══ DATA FOR THE TASK

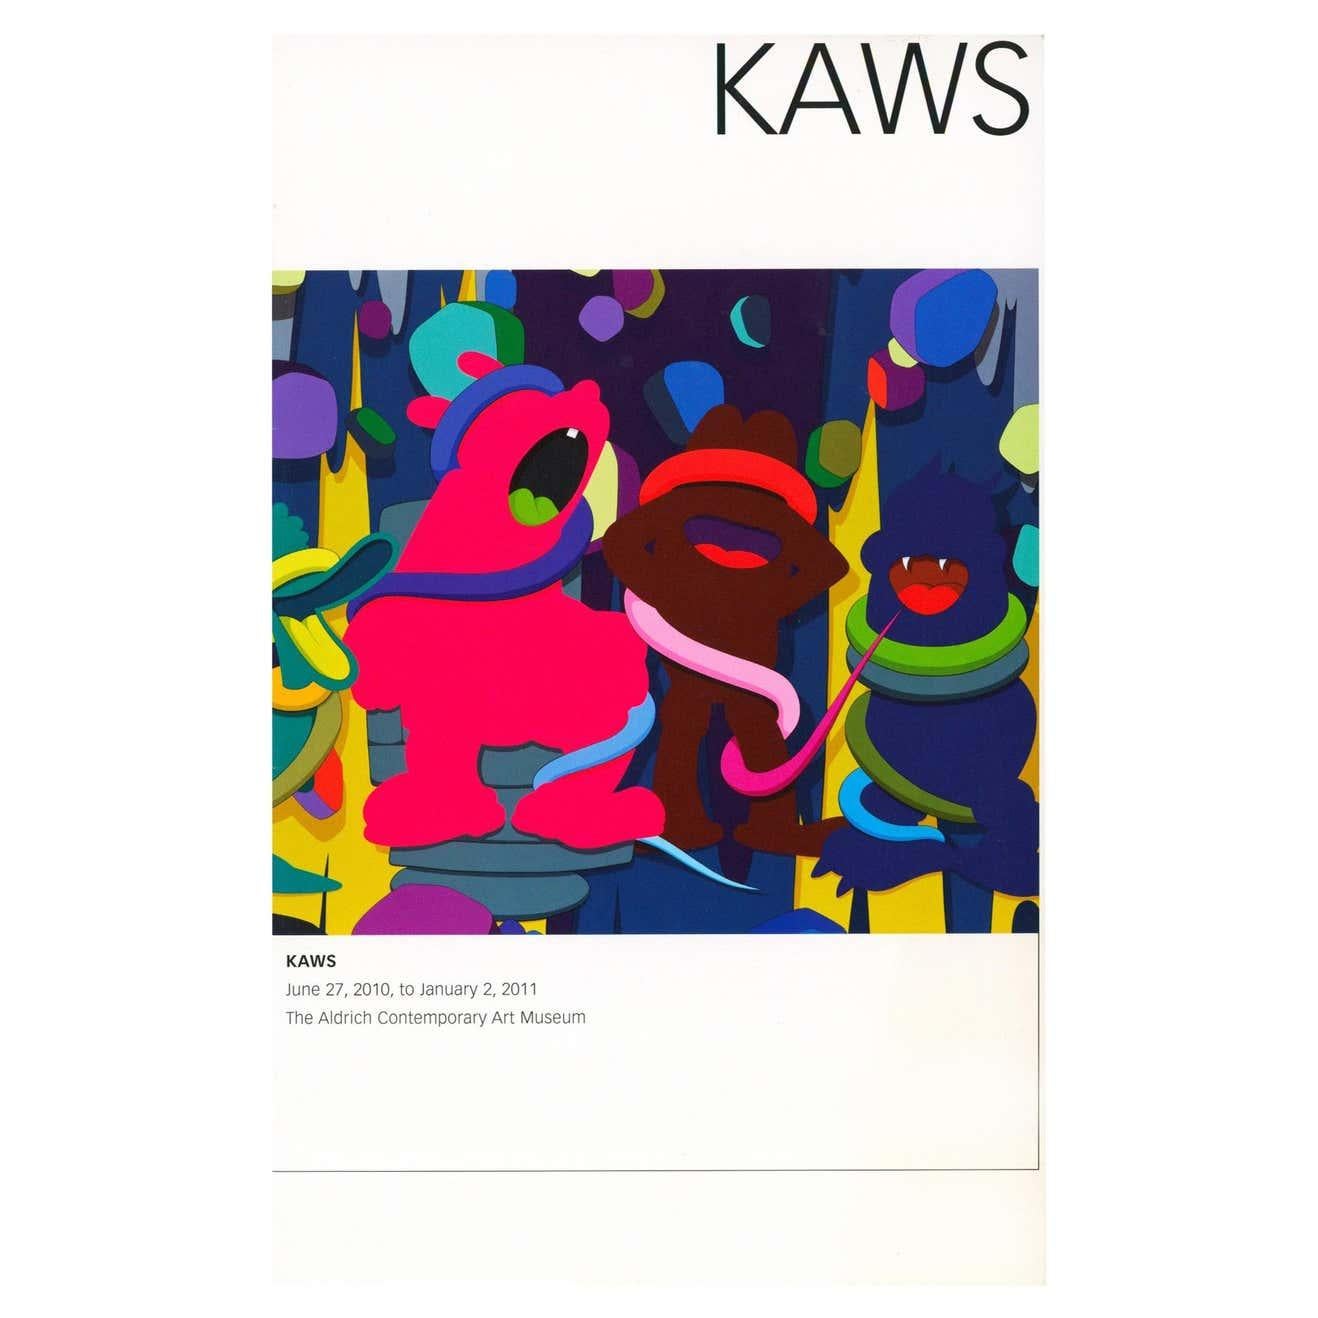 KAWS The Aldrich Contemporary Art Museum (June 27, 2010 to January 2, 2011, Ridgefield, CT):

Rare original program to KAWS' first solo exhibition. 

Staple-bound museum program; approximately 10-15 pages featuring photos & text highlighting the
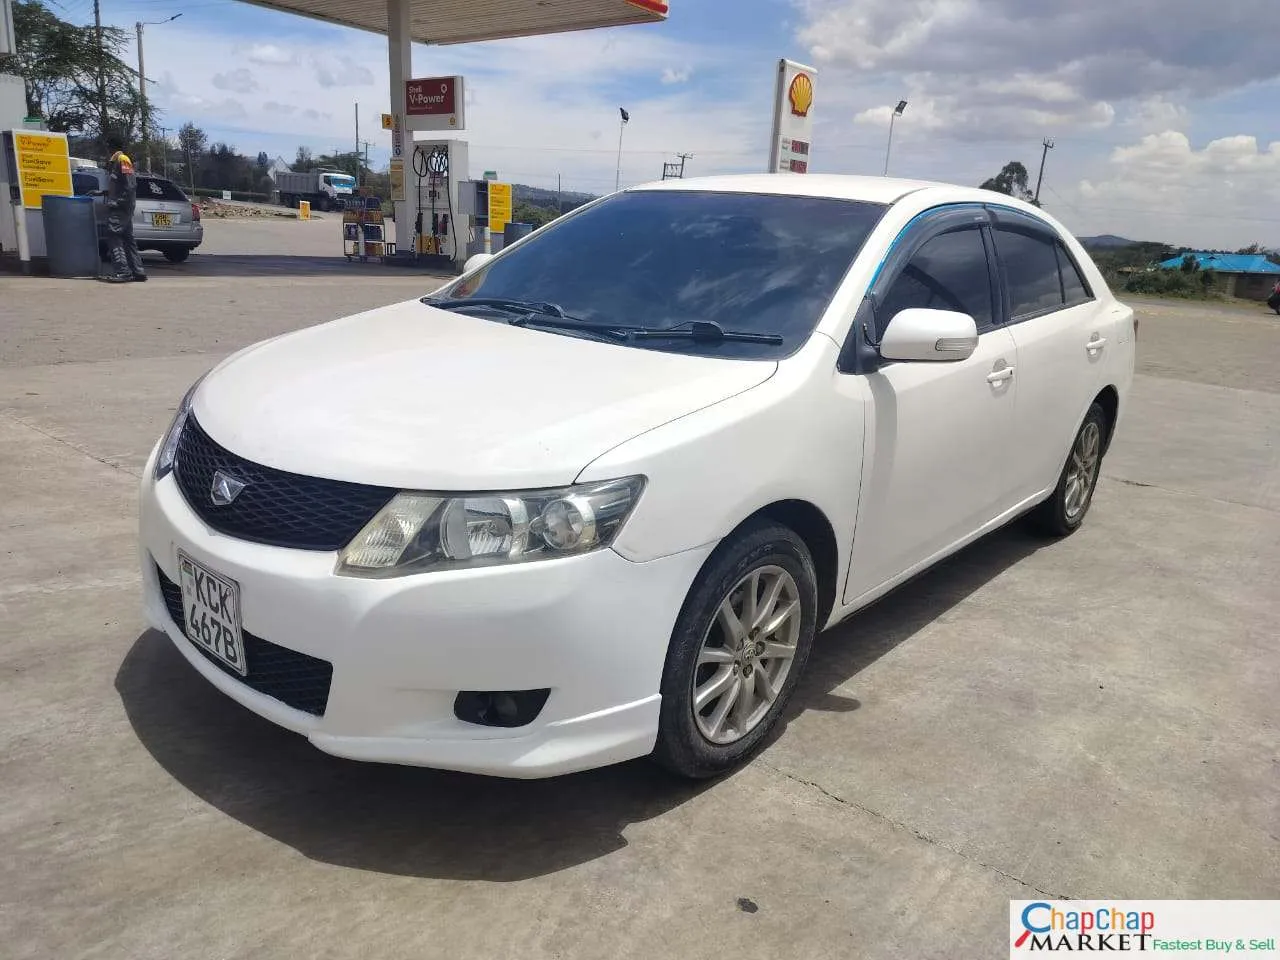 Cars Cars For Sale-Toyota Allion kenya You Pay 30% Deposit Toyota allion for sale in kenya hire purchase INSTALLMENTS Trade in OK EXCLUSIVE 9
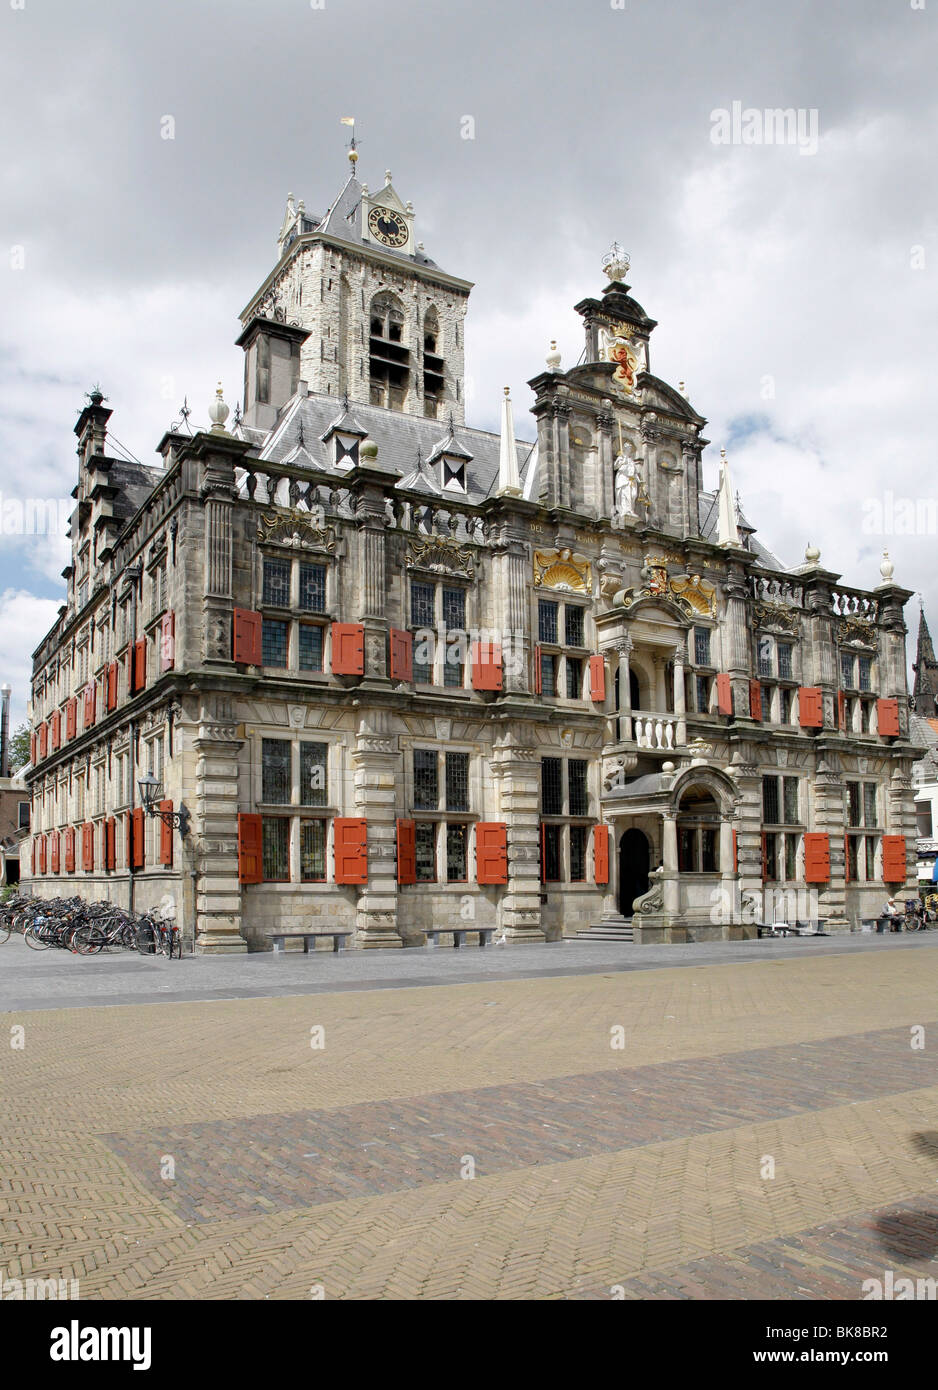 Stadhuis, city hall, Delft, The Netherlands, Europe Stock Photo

════

WORK REQUIRED
Look through the records for the string "program". Copy every line that has it.

RESPONSE TO THIS EXERCISE
Rare original program to KAWS' first solo exhibition. 
Staple-bound museum program; approximately 10-15 pages featuring photos & text highlighting the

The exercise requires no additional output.